Regulations do require a developer to provide specified information in a timely manner. The main risk to the developer comes from not providing sufficient information, which can then lead to challenge and delay. 


A minority of developers, usually those who have failed to provide sufficient information and are then hit by delays, get predictably grumpy. This is what happened at Hinkley. Successive attempts to wriggle out of planning requirements, plus issues with no connection to nature, have caused delays. The developers have in some ways been the authors of their own misfortune and are now looking to project blame. Some frustrated developers always resort to blaming the Habitat Regulations – par for the course.  

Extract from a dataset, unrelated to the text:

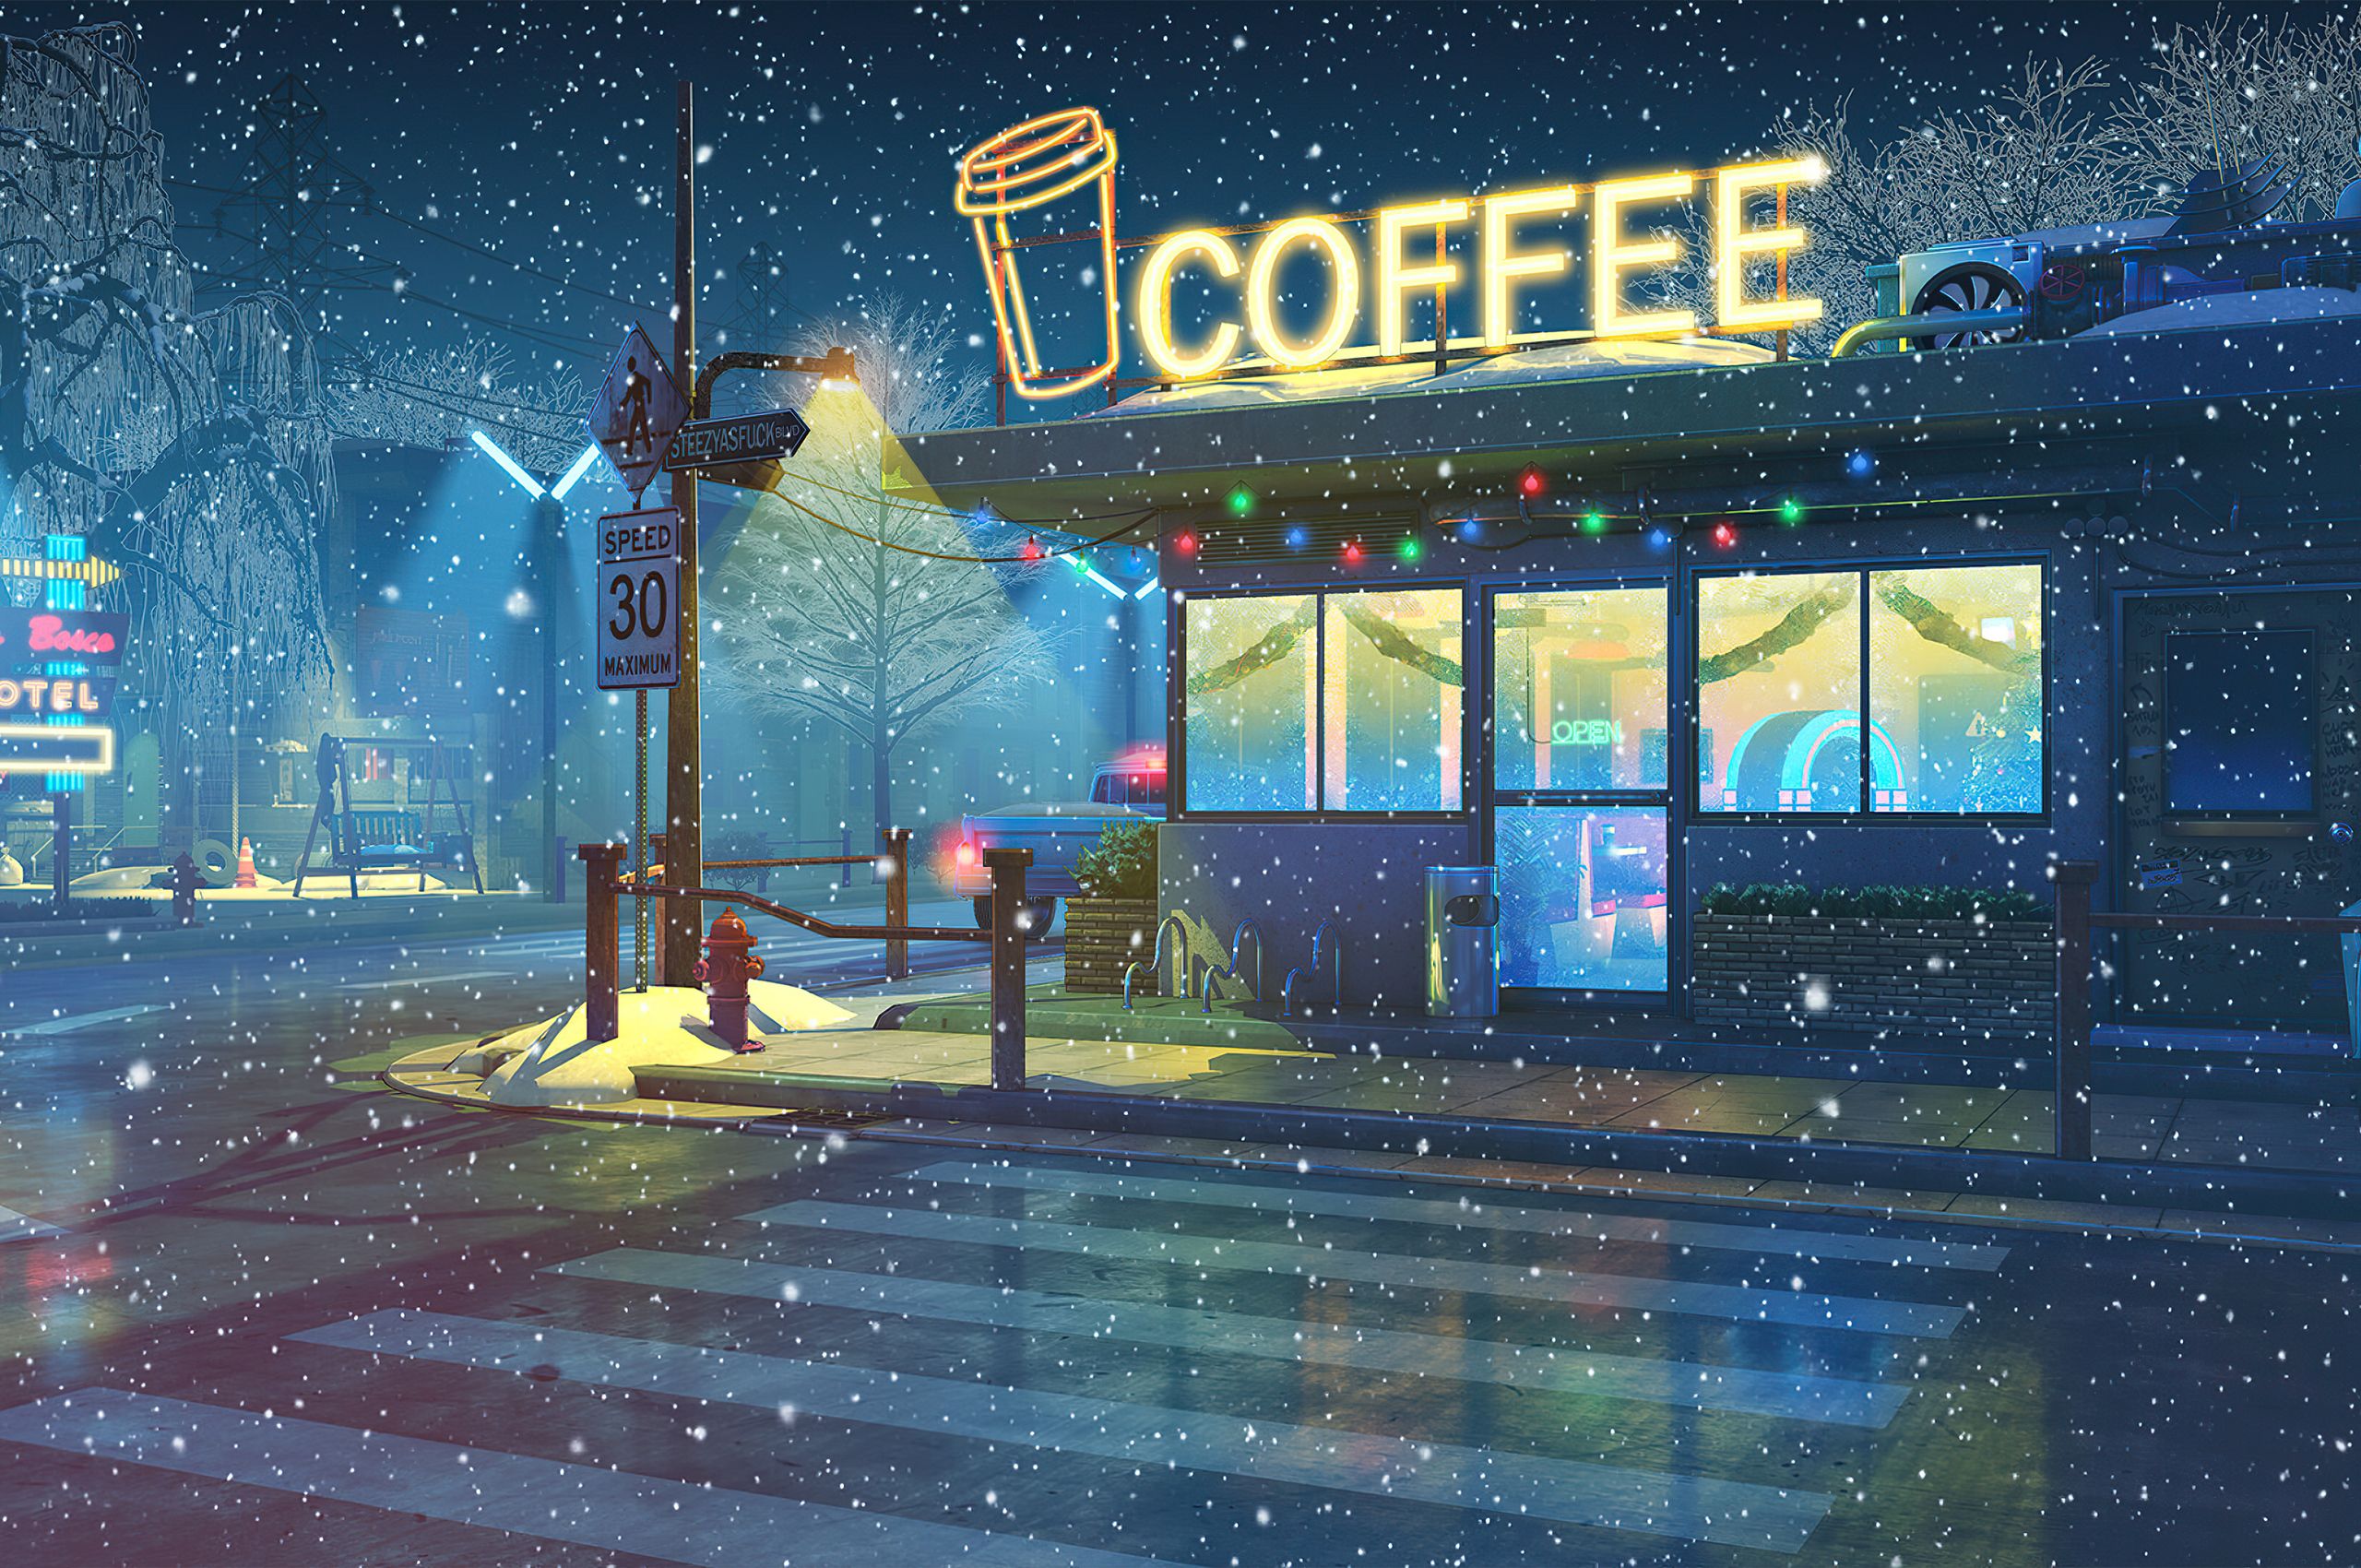 Lo Fi Cafe 4k Chromebook Pixel HD 4k Wallpaper, Image, Background, Photo and Picture

The Habitat Regulations, which have been in place in the UK for over thirty years, have succeeded in preserving some of last strongholds for wildlife whilst nature has declined outside their boundaries. Three decades is enough time for any developer to understand how these rules work. 

Countless residential and energy developers, including on nuclear sites, have successfully worked with the system to bring forward development in a way that prevents harm to precious wild spaces. Defra reviewed the Habitats Regulations from an economic perspective in 2012 and found them to be ‘working well, allowing both development of key infrastructure and ensuring that a high level of environmental protection is maintained.’  

Five – yes, five - further reviews of environmental regulation since then, have reached similar conclusions.  

 
Deception by misrepresentation


Private gain versus public good: the great distortion

And now we come to the most blatant lobbyist trick: claims that cuts to developer’s costs automatically translate to public good. This has been especially apparent in the response to our criticism of the Nuclear Regulatory Review. 

The lobbyist fraternity have accused The Wildlife Trusts, and all the conservation charities that are standing with us, of stopping energy bills from becoming cheaper and even of getting in the way of nuclear’s contribution to net zero. 

This is confected outrage, deployed for cynical ends. Nature groups are defending mitigation measures costing £50 million at Hinkley C, out of an overall project cost that has swelled to £46 billion - huge costs that are due largely to developer decisions and wider issues which have nothing to do with nature.  

While £50 million is a huge sum, it is 0.1% of the overall cost - not a scale that could block or even seriously impede any project. If all nature mitigations are removed across the planning system, nuclear power might get around 0.1% cheaper to deliver, trivial for deployment prospects. 

It is also negligible in terms of impacts on energy bills, even if we can assume developers would pass the 0.1% cost saving on to consumers. Precedent after precedent suggests the opposite; corporates typically turn cost reductions from deregulation into increased profits, not consumer savings. 

And this, at the end, is the crux. The planning system is supposed to balance private gain with public good. 

These latest attempts at environmental deregulation aim to tilt that balance ever closer to private gain, by fudging the lines and asserting that developer gain is the same thing as public good.  

A 0.1% boost to developer profits is not inherently injurious to the public good but it is detrimental to the public when the cost is the desecration of some of our last remaining wild spaces, and resulting acceleration of nature’s decline. The consequences of this acceleration have been starkly set out in the National Security Assessment on global biodiversity loss. Consequences include ‘water insecurity, crop failures, fisheries collapse and intensified natural disasters’. To claim that a boon to developers which heightens the risk of these calamities is, overall, a public good feels grotesque. 


We won't be deceived

And so, whatever some quarters of Westminster say, The Wildlife Trusts, our supporters and partners will continue to call out the illusionists seeking to distort this debate, and planning policy overall. 

Together we can pull back the wizard’s curtain to reveal what lies behind it – corporate lobbyists seeking boosted profits, regardless of public cost. As ecological disaster comes closer, the Government must stand with the public and see through the deregulation conjuring trick.